--- WHAT THIS TASK INVOLVES ---
Begin with the first line of the entries below. Copy each line exactly, stopping after the one that contains "St. Patrick's Day 2021 Wallpaper".

• • • • • • •

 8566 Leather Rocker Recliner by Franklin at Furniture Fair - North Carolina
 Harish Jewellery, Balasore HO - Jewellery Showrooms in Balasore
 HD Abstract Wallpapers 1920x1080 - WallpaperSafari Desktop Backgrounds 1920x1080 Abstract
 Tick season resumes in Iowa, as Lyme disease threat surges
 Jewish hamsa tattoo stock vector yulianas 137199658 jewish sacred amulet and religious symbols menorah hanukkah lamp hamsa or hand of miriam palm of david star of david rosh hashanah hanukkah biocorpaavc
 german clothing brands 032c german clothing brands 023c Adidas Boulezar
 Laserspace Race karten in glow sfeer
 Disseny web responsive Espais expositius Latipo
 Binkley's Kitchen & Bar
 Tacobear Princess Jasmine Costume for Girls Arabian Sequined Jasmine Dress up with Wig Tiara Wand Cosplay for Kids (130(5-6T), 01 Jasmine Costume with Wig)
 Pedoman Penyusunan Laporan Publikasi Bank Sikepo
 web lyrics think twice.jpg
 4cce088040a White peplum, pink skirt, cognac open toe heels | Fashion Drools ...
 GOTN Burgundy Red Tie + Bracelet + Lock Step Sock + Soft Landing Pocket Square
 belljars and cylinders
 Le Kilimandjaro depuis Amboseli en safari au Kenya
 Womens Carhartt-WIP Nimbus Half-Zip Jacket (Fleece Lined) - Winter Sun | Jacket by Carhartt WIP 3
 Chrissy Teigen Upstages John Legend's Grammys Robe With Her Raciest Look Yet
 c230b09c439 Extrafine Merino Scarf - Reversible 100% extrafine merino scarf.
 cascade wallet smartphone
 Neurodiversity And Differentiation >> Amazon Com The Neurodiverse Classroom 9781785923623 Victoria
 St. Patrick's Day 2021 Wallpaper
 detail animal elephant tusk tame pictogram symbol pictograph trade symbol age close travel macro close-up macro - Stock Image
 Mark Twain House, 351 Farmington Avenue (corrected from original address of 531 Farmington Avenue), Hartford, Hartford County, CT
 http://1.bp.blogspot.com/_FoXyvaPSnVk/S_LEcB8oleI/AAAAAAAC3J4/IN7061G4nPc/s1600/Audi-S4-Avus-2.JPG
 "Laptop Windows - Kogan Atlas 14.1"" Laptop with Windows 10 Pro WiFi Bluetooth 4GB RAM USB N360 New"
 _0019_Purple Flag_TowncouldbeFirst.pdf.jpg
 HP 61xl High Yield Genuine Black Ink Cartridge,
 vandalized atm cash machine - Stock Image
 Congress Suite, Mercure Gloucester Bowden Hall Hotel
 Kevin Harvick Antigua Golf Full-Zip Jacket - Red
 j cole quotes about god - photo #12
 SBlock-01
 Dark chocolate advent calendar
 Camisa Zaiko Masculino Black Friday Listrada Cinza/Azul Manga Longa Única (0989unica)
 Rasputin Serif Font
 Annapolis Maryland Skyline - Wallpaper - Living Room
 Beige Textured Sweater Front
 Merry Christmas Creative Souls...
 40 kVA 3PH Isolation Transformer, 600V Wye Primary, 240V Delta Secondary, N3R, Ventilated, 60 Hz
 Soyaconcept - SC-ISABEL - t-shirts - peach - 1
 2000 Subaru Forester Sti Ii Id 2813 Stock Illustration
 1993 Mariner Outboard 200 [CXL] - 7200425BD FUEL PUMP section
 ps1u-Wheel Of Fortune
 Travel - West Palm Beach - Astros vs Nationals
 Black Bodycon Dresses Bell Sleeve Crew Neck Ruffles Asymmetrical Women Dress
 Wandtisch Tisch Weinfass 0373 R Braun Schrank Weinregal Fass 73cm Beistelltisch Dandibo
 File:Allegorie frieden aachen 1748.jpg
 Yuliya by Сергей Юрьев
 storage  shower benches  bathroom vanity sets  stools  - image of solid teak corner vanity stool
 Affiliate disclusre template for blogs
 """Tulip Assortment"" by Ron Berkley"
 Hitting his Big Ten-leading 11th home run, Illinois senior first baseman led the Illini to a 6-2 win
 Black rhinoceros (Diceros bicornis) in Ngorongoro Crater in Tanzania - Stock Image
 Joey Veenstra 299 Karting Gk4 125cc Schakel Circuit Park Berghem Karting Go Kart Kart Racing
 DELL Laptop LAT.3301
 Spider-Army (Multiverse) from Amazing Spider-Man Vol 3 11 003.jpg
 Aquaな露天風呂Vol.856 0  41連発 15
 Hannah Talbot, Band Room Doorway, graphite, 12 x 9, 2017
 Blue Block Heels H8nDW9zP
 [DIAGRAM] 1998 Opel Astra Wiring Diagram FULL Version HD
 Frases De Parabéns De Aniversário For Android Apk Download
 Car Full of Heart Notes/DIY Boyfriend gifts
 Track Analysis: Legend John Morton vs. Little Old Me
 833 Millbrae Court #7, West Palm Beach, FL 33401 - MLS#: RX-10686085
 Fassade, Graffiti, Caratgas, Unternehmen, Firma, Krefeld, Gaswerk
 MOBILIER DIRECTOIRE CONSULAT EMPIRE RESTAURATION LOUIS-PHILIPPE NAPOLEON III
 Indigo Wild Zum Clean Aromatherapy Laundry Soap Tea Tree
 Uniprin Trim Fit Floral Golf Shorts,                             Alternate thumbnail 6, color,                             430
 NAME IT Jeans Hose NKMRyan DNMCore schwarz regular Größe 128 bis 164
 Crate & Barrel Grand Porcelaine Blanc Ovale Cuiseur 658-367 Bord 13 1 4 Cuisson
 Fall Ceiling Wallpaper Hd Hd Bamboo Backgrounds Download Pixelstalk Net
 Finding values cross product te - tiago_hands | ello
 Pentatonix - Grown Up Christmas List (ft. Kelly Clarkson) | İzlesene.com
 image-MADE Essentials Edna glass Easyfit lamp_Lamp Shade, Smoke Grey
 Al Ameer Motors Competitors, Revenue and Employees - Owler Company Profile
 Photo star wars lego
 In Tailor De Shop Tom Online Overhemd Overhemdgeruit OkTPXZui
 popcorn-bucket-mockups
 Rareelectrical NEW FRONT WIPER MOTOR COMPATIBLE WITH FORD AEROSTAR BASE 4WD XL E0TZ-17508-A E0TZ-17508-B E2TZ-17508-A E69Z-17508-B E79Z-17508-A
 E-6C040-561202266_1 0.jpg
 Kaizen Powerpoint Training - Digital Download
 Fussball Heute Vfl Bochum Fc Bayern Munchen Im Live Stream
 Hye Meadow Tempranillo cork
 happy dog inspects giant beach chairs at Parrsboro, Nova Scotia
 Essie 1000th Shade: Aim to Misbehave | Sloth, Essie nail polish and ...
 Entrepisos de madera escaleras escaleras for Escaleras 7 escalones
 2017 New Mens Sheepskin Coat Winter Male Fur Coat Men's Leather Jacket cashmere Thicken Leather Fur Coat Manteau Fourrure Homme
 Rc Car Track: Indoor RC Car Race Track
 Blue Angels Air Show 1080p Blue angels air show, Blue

• • • • • • •

--- FINISHED TASK ---
 8566 Leather Rocker Recliner by Franklin at Furniture Fair - North Carolina
 Harish Jewellery, Balasore HO - Jewellery Showrooms in Balasore
 HD Abstract Wallpapers 1920x1080 - WallpaperSafari Desktop Backgrounds 1920x1080 Abstract
 Tick season resumes in Iowa, as Lyme disease threat surges
 Jewish hamsa tattoo stock vector yulianas 137199658 jewish sacred amulet and religious symbols menorah hanukkah lamp hamsa or hand of miriam palm of david star of david rosh hashanah hanukkah biocorpaavc
 german clothing brands 032c german clothing brands 023c Adidas Boulezar
 Laserspace Race karten in glow sfeer
 Disseny web responsive Espais expositius Latipo
 Binkley's Kitchen & Bar
 Tacobear Princess Jasmine Costume for Girls Arabian Sequined Jasmine Dress up with Wig Tiara Wand Cosplay for Kids (130(5-6T), 01 Jasmine Costume with Wig)
 Pedoman Penyusunan Laporan Publikasi Bank Sikepo
 web lyrics think twice.jpg
 4cce088040a White peplum, pink skirt, cognac open toe heels | Fashion Drools ...
 GOTN Burgundy Red Tie + Bracelet + Lock Step Sock + Soft Landing Pocket Square
 belljars and cylinders
 Le Kilimandjaro depuis Amboseli en safari au Kenya
 Womens Carhartt-WIP Nimbus Half-Zip Jacket (Fleece Lined) - Winter Sun | Jacket by Carhartt WIP 3
 Chrissy Teigen Upstages John Legend's Grammys Robe With Her Raciest Look Yet
 c230b09c439 Extrafine Merino Scarf - Reversible 100% extrafine merino scarf.
 cascade wallet smartphone
 Neurodiversity And Differentiation >> Amazon Com The Neurodiverse Classroom 9781785923623 Victoria
 St. Patrick's Day 2021 Wallpaper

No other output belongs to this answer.